# /etc/init.d/hald and hotplug

## wizardofos

Hi

I use hal, and wondered why HAL uses hotplug instead of hotplug-base. I don't see where's the need for hotplug?

Another thing: HAL has "depend hotplug" in it's initscripts, which is a bit of a nonsense, cause there isn't anything useful in /etc/init.d/hotplug (it's kind of a dummy).

greetings

fabian

----------

## Headrush

You're right, its a dummy file used for backward compatability needed for some packages and to maintain package dependencies.

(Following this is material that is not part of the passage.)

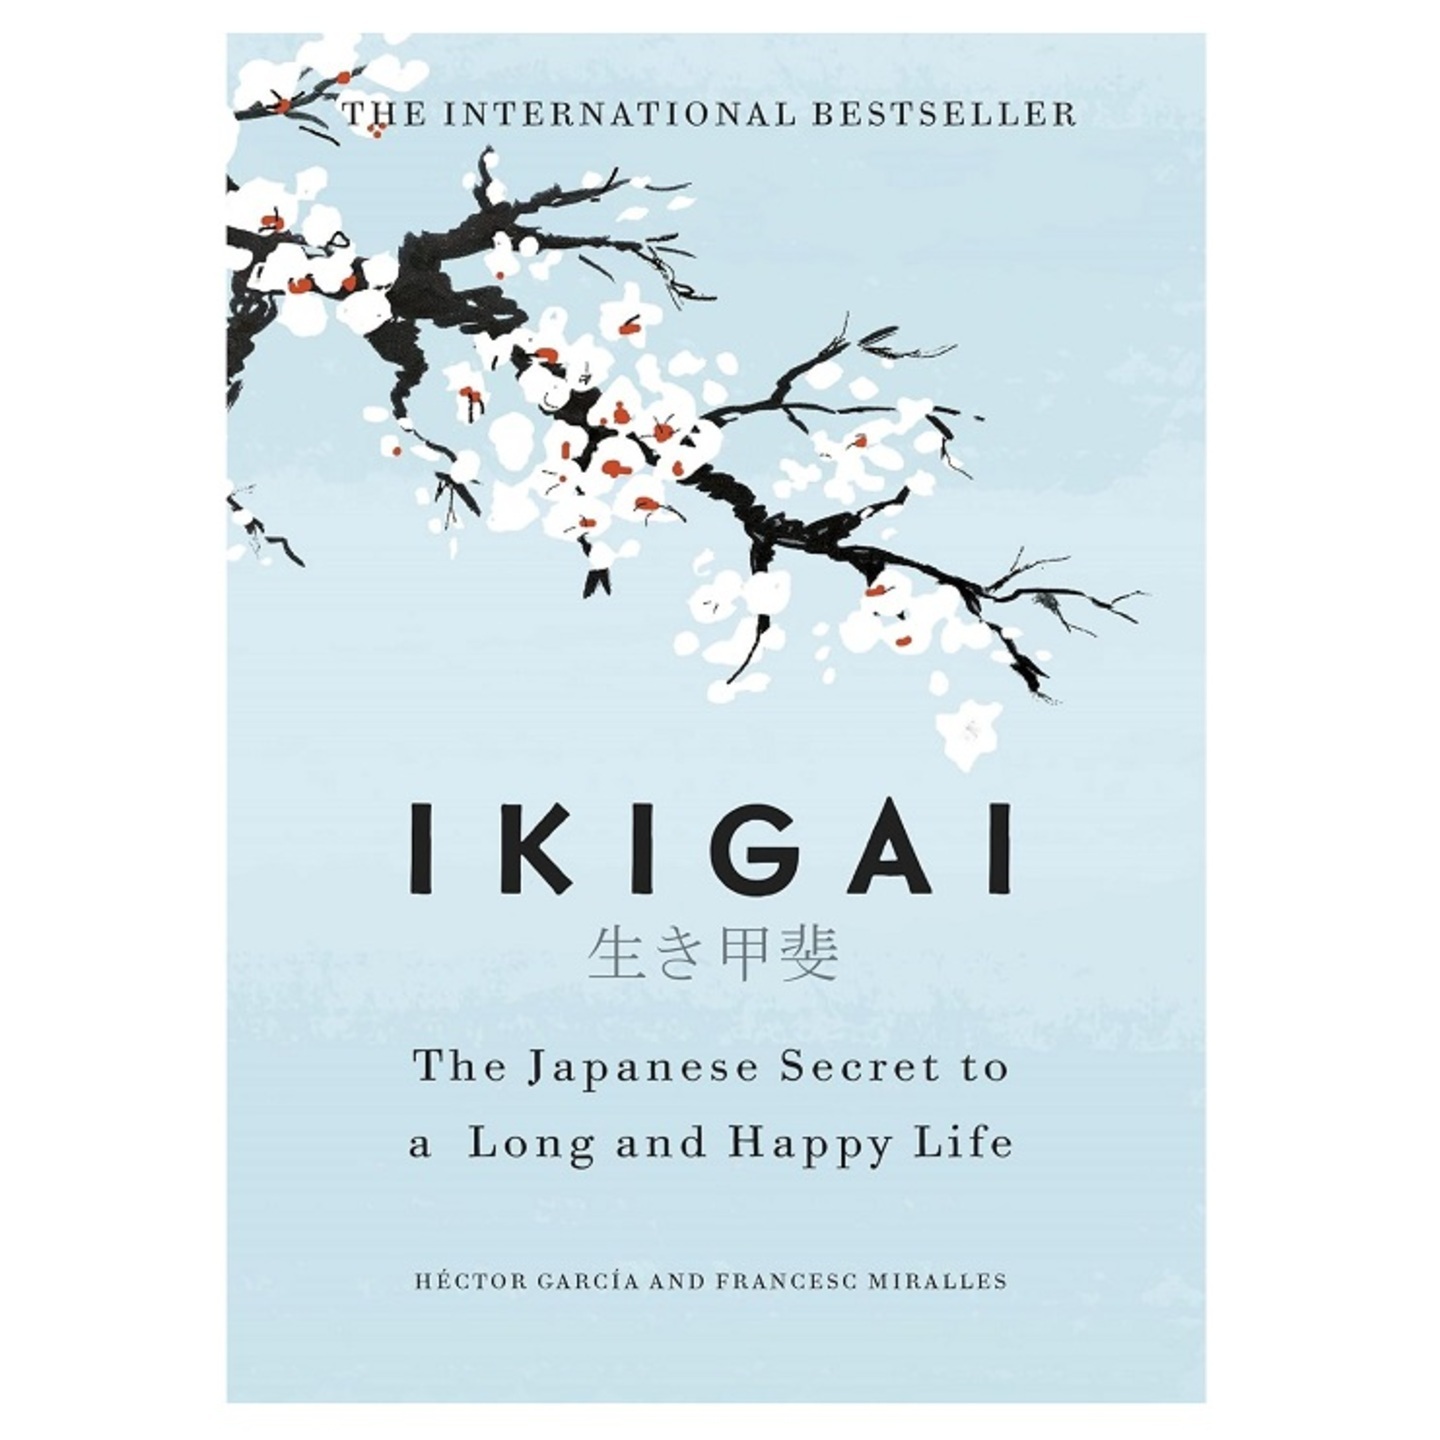 Book Ikigai - The Japanese Secret to a Long and Happy Life

Just leave it, it won't hurt anything.

----------

## wizardofos

Hm, but there are still two things:

1. Why does hald depend on hotplug instead of hotplug-base? Does it need the scripts in /etc/hotplug

2. Why does /etc/init.d/hald depend on the nearly empty hotplug script?

fabian

----------

## Headrush

 *wizardofos wrote:*   

> Hm, but there are still two things:
> 
> 1. Why does hald depend on hotplug instead of hotplug-base? Does it need the scripts in /etc/hotplug
> 
> 2. Why does /etc/init.d/hald depend on the nearly empty hotplug script?
> ...

 

The hotplug package contains several configuration files for many usb devices, so it is still needed.

I believe it is those files that hald uses. 

The hotplug package requires hotplug-base, so it is probably easier to leave hotplug as dependency by other packages instead of hotplug-base. This way you get both. 

For a definitive answer, you would need to ask package maintainer Greg Kroah-Hartman.

----------

## wizardofos

OK thanks!

----------

## onlymee

Anybody find a definitive answer to this? 

A similar question has been raised again recently:

https://forums.gentoo.org/viewtopic-p-3433204.html#3433204

----------